5 Reasons Why You Should Stop Estimating User Stories

Story point estimation is now commonplace for most software development teams. However, it’s typically more out of obligation than necessity. Oftentimes, it results in minimal impact and your developers’ estimates don’t result in less work being committed to by the team.. Today, we’ll focus on discussing why story points may not be useful for your team and why you should consider forgetting it completely.

1. You don’t waste time on estimation

Estimation takes time. Even if you do planning poker and use story points, it still takes time. What do you do to improve estimation accuracy? You gather some data, analyze the data and discuss the results. You are spending time on all that. But are you sure that estimates really provide any value? Most likely not. It is a waste. You’d better spend this time doing something important for the product. There may times when you absolutely have to estimate user stories. But in 9 cases out of 10 it will not be necessary.

2. You shouldn’t explain to higher managers why it took soooo loooooooong

If you don’t have estimates, you can speak without fear and explain things clearly. You can enumerate problems and explain how they were resolved. You can show that you work really hard and take all the necessary actions to release this story as soon as possible with great quality.

If you have estimates, be ready to hear something like “you screwed up, maaan! You had to deliver this feature till the end of the month! What the f%$k is going on?” as an argument. The team put themselves on a weak side immediately and have to care about deadlines more, not about quality or a better solution. Is it something you really need?

3. You don’t give promises that are hard to keep

You are not relying on people’s optimism (which is built in). People are optimists (almost all of them) and inevitably give optimistic estimates.
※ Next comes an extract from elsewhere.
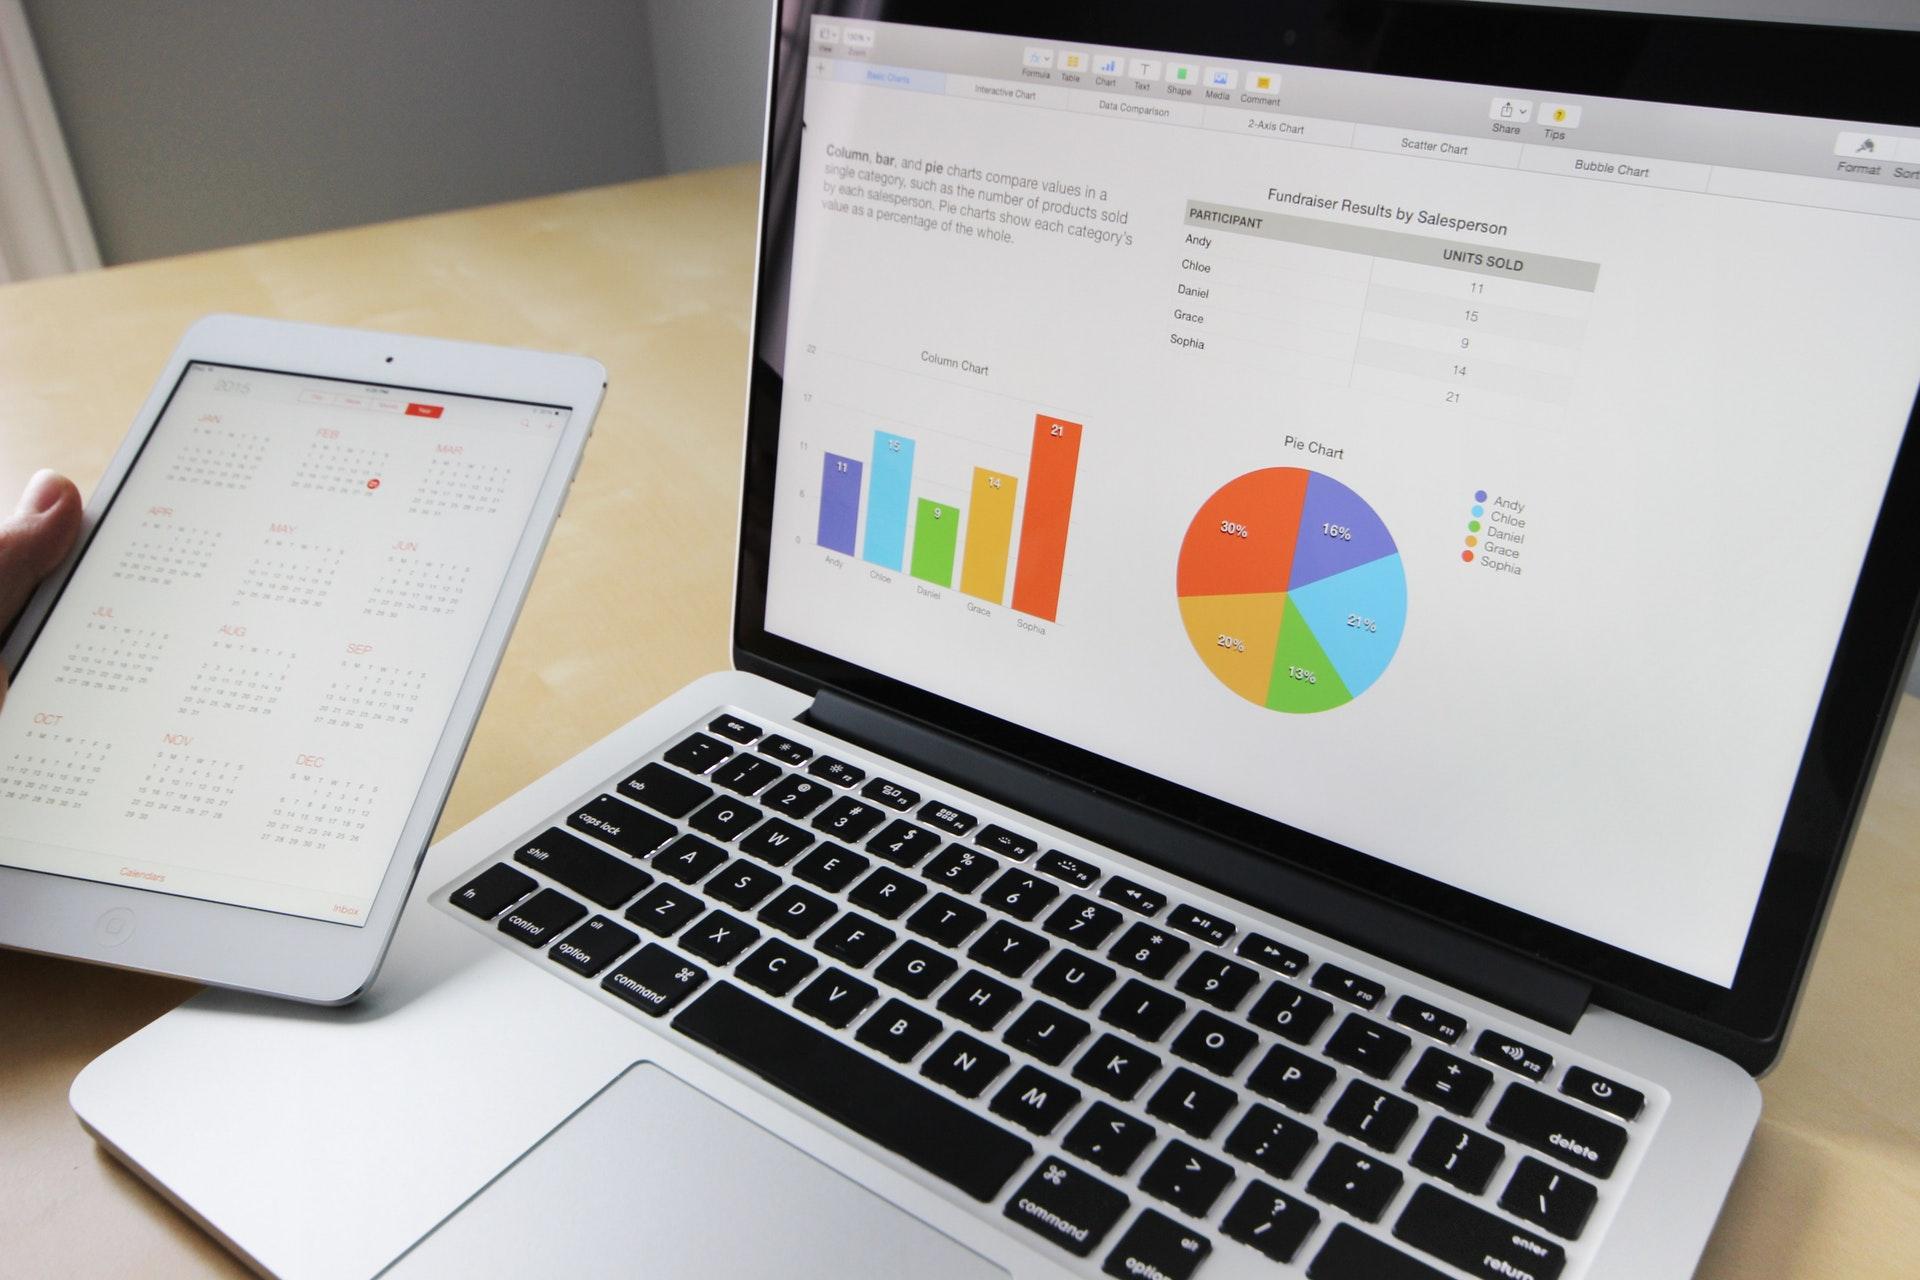 charts-commerce-data-265087

You can use complex formulas or very simple rules to have better estimates, but is it really worth it? You can spend many hours defining correct formula for exactly this development team. People will not trust you, since you (rightfully) don’t believe in their estimates. Numbers will look “made up” and still you will have incorrect estimates in the end.

4. You don’t put additional pressure on development team

In some teams Estimate is equal to Deadline. That’s bad. What do you do to meet the estimate? Compromise quality? Tolerate average architectural solution? Abandon polishing? All that leads to poor solutions that end users will not like. It is better (almost always) to spend more time, than planned, and release something really usable and useful. A common reason why a team member is unable to estimate a story is because they fear being held to an artificial deadline that can impact the quality of their work.

5. You focus on really important things

Imagine, you have a planning poker session and estimate all stories inside an epic. You sum up all the stories and define it as a 1000 pts epic. You just stick a “fear” label on the epic. People do fear large problems. A 1000pt problem is huge and psychologically it is harder to decide “let’s start it right now”. Product Owner will have a temptation to implement 100 smaller user stories instead of this huge epic. However, it may be a bad decision. This epic may be really important, the morst important thing for the product.

Ultimately, help your team focus on the tasks at hand rather than loading up sprints with tasks and stories with inaccurate point estimates.